I need to write method that will chek "String str" on other string, and return the index that the str starts.
That's sound like homework, and it is some of homework but for my use to learn for a test...
i've tried:
public int IndexOf (String str) {
for (i= 0;i<_st.length();i++)
{
if (_st.charAt(i) == str.charAt(i)) {
i++;
if (_st.charAt(i) == str.charAt(i)) {
return i;
}
}
}
return -1;
}
but i dont get the right return. why? i'm on the right way or don't even close?
I am afraid, you are not close.
Here's what you have to do:
Loop on the characters of the string (the one on which you are supposed to do an indexOf, I will call this the master) (you are going this right)
For every character check whether your other string's character and this character are the same.
If they are (a potential start of the same sequence) check whether the next characters in the master match with your String to check (You might want to loop through the elements of the string and check one by one).
If they don't match, continue with the characters in the master string
Something like:
Loop master string
for every character (using index i, lets say)
check whether this is same as first character of the other string
if it is
//potential match
loop through the characters in the child string (lets say using index j)

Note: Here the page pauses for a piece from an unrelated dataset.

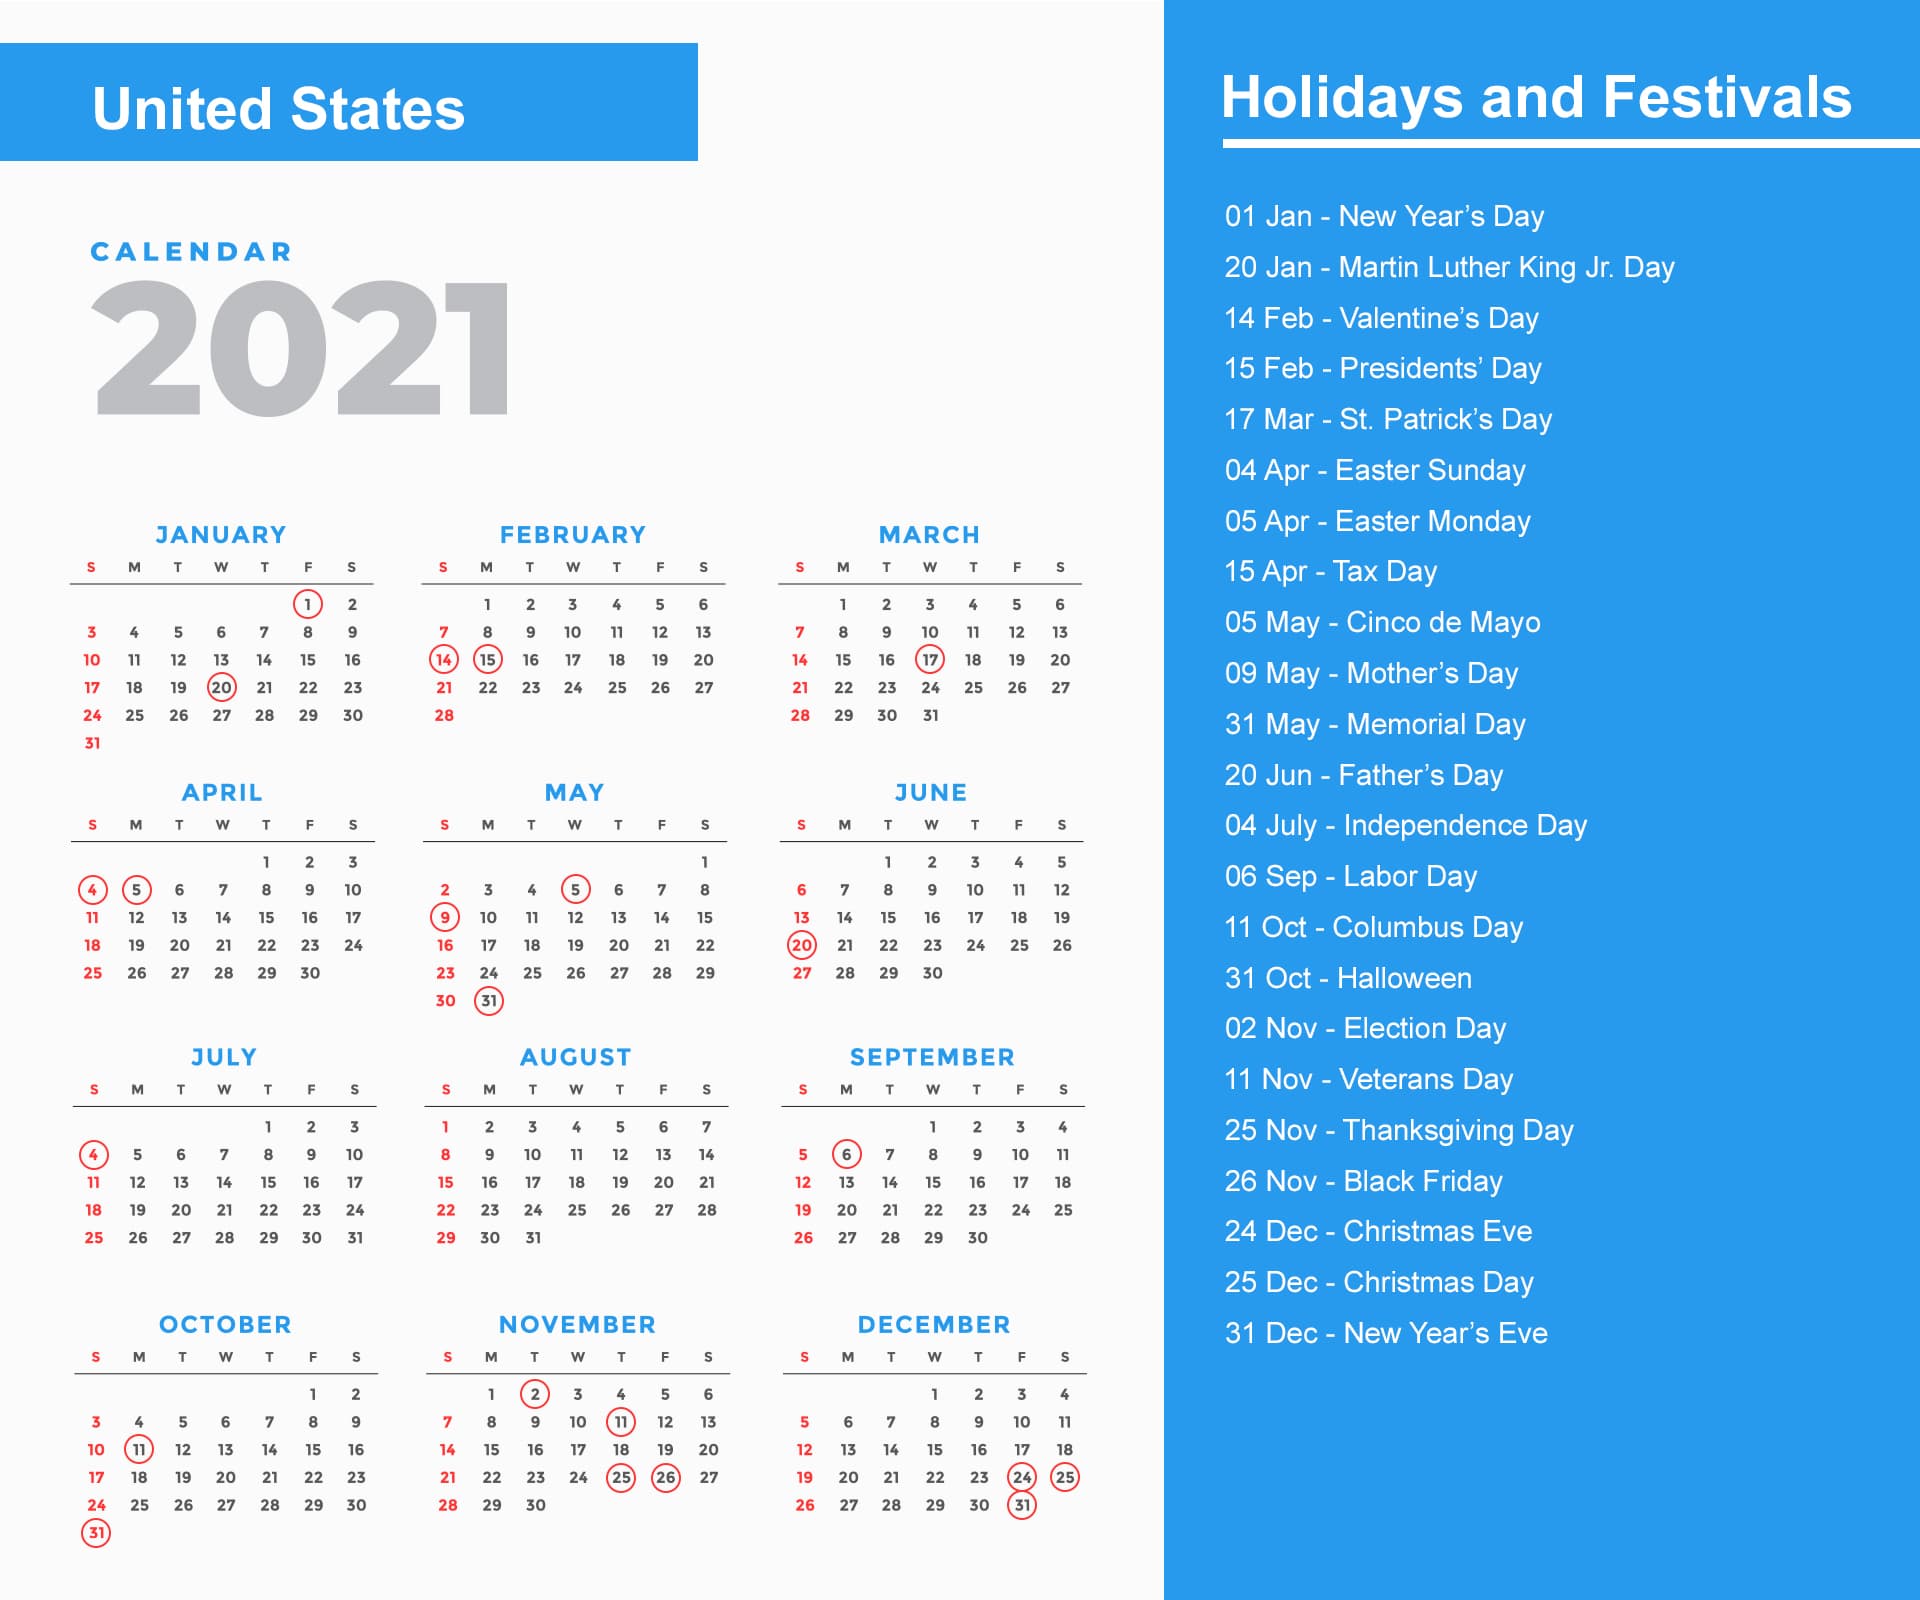 United States Holidays Calendar 2021

match them with the consecutive characters in the master string
(something like master[j+i] == sub[j])
If everything match, 'i' is what you want
otherwise, continue with the master, hoping you find a match
Some other points:
In java, method names start with a
lower case letter by convention
(meaning, the compiler won't
complain, but your fellow programmers
may). So IndexOf should actually be
indexOf
Having instance variables
(class level variables) start with a
_ (as in _st) is not a really good
practice. If your professor insists,
you may not have many options, but
keep this in mind)
Not really very close, I'm afraid. What that code basically does is check there if the two strings have two characters in the same positions at any point and, if so, returns the index of the second of those characters. E.g., if _str is "abcdefg" and str is "12cd45", you'll return 3 because they have "cd" in the same place, and that's the index of the "d". At least, that's as near as I can tell what it's actually doing. That's because you're indexing into both strings with the same indexing variable.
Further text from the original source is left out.